Pep has always defended Busi, and the rumor mill tells us that the manager sees a bit of himself in Busi. When fans were attacking him for heading goal-kicks agonizingly backward into our own box, Pep pointed out that Busi played well "tactically." After awhile, Busi's positioning and teamwork with the players around him became more cohesive and systematic. And then, he stopped making mistakes--in fact, he became the player that made the simple passes and the simple interceptions, without garnering any highlights of his own. He is still making the simple passes, but every once in a while, he sprinkles in a lob to a running Messi or two. Sometimes when he tries this, he gives up the ball easily, but then he goes back to the simple game and humbly allows Xavi and Iniesta to do the fancy stuff, which is healthy. His positioning has not only been predictable for his teammates lately, it has been more fluid and mobile, and he has the odd appearance in all parts of the field without looking incompetently out-of-place.

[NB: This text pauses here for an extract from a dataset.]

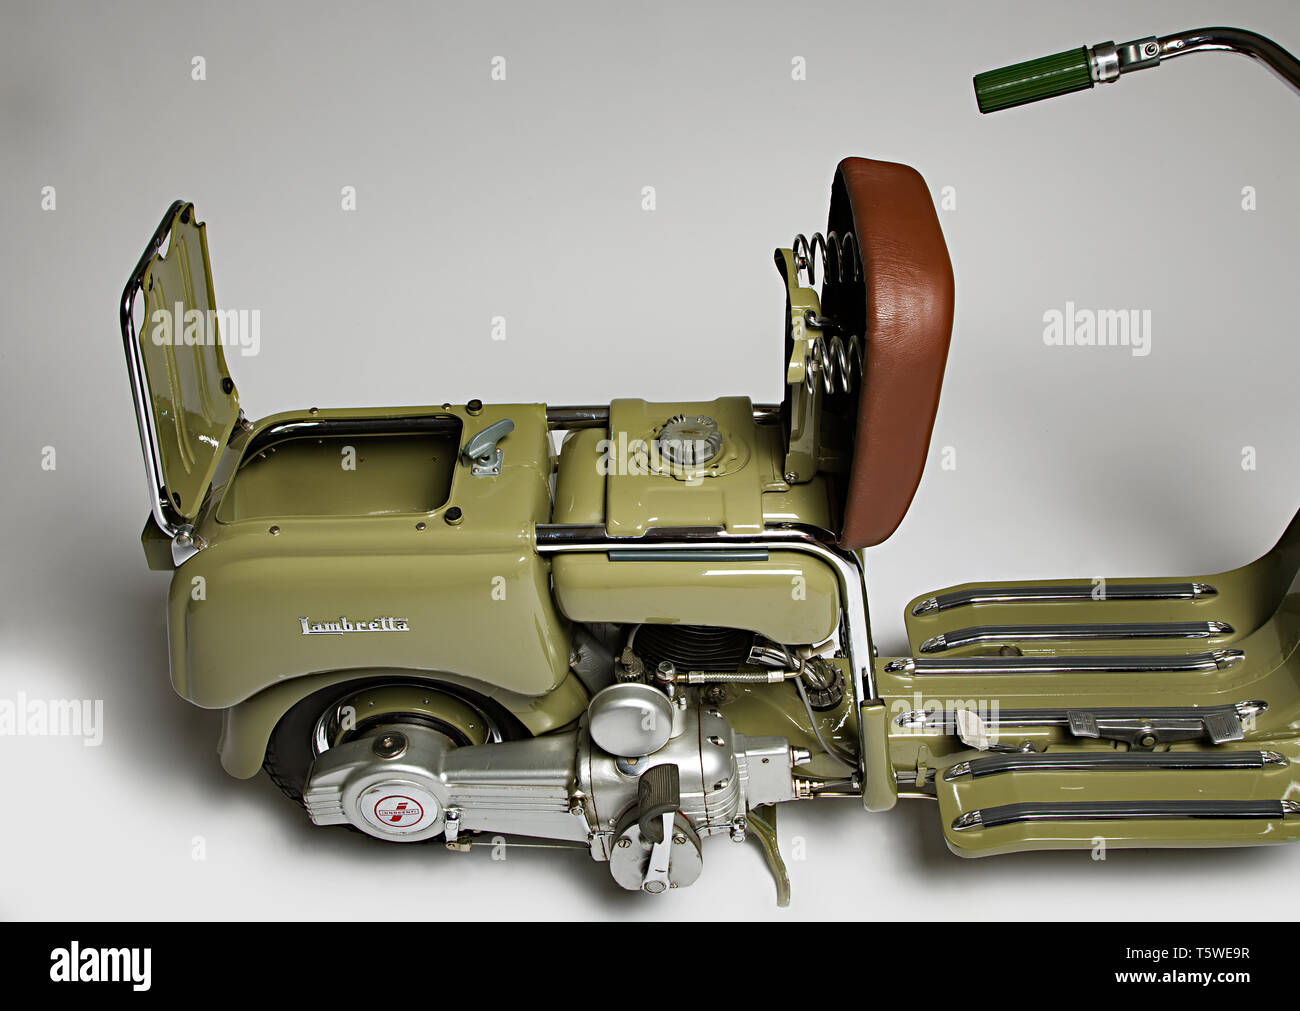 Moto d'Epoca Lambretta 125 m (A). Scooter. Marca: modello Innocenti Lambretta: 125 m (A) nazione: Italia - Milano anno: 1947 condizioni: Foto de stock
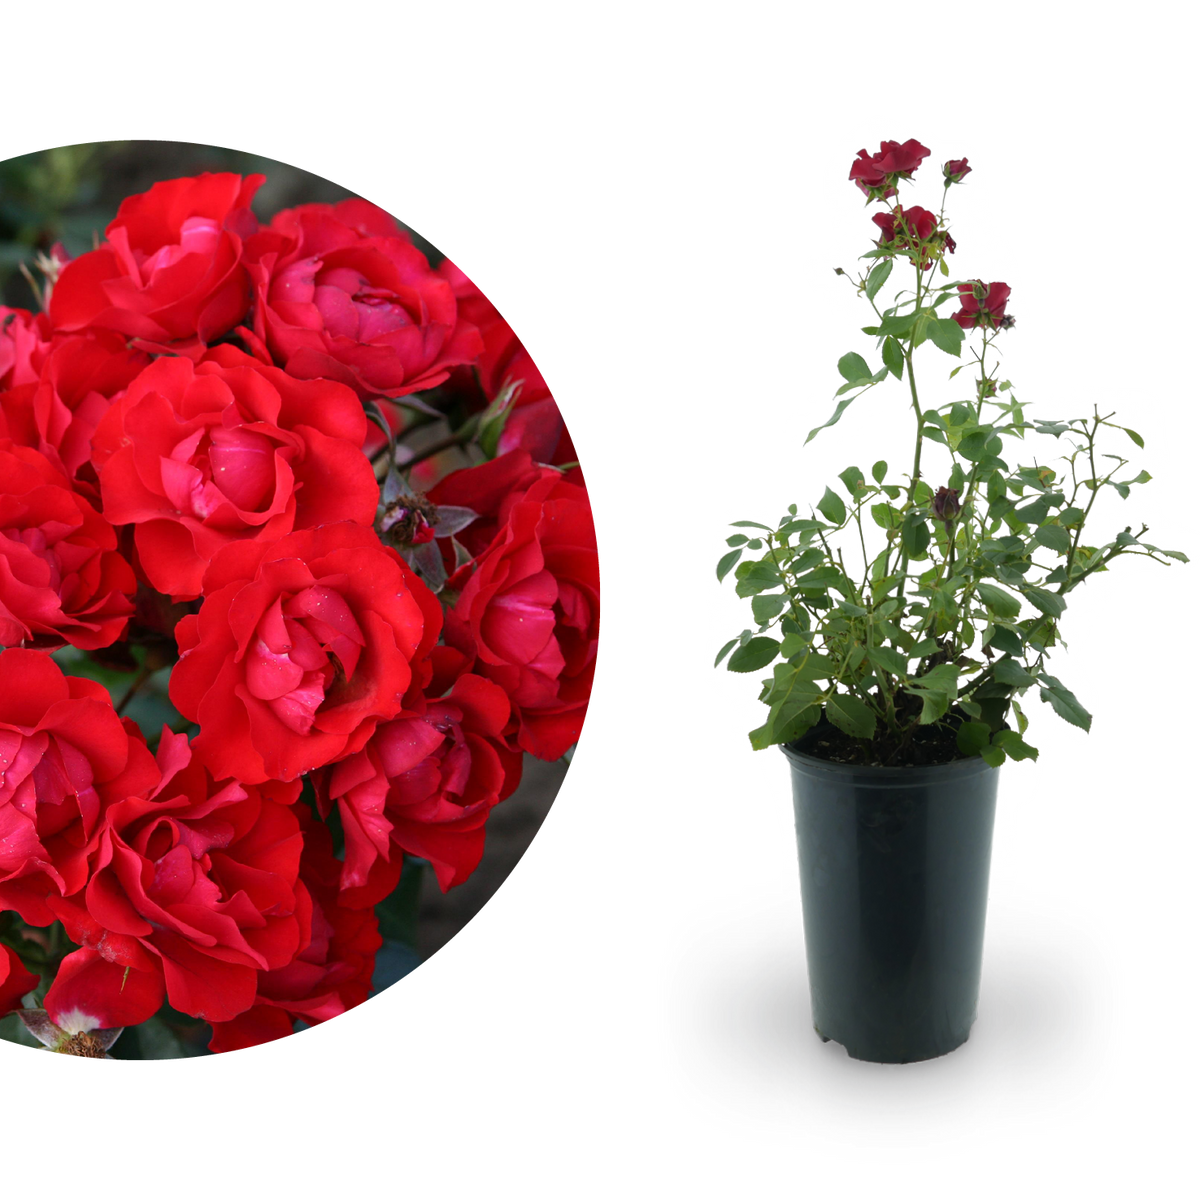 Beetrose 'Black Forest Rose'® Rot

Most recently, I have noticed his flourishing amount of tackles. In the last two games--at Stuttgart and Malaga--Busi racked up a ton of impressive tackles. If you watch those games again and only watch Busi, you will see more moments of chasing-down players, standing blocks, sliding tackles, and pass-interceptions than anyone else on the field. In this last round of international matches, Busi started for Spain against France and played all 90 minutes, and in the last twenty minutes or so, he played alongside Marcos Senna. Though Pep may compare himself to Busi, but in my opinion, if he continues in this vein, with tons of safe-and-sound tackling, positioning, and passing, Busi in the future will be more comparable to Senna.

Pedro has not dominated his position on the left as completely as Busi has in his position, partly because of Pep's experimentation with Iniesta on that side. However, his performance against Malaga was very good, and showed that he is learning to cure the problems that he is criticized for. To be clear, he is not played strictly on the left, as Guardiola has opted to play Messi closer to the middle some of the time. Against Malaga, Pedro played substantial amounts of time on the left and right. In both situations, he did well to drop back into defense when necessary, and, especially when he played on the right against a fullback that was admittedly having an awful day against he, Alves, and Messi at different times, he showed quick thinking and sprightly movement to beat his man more than a few times and deliver good crosses. Best of all, he was playing very well with his teammates and allowing them to make good plays.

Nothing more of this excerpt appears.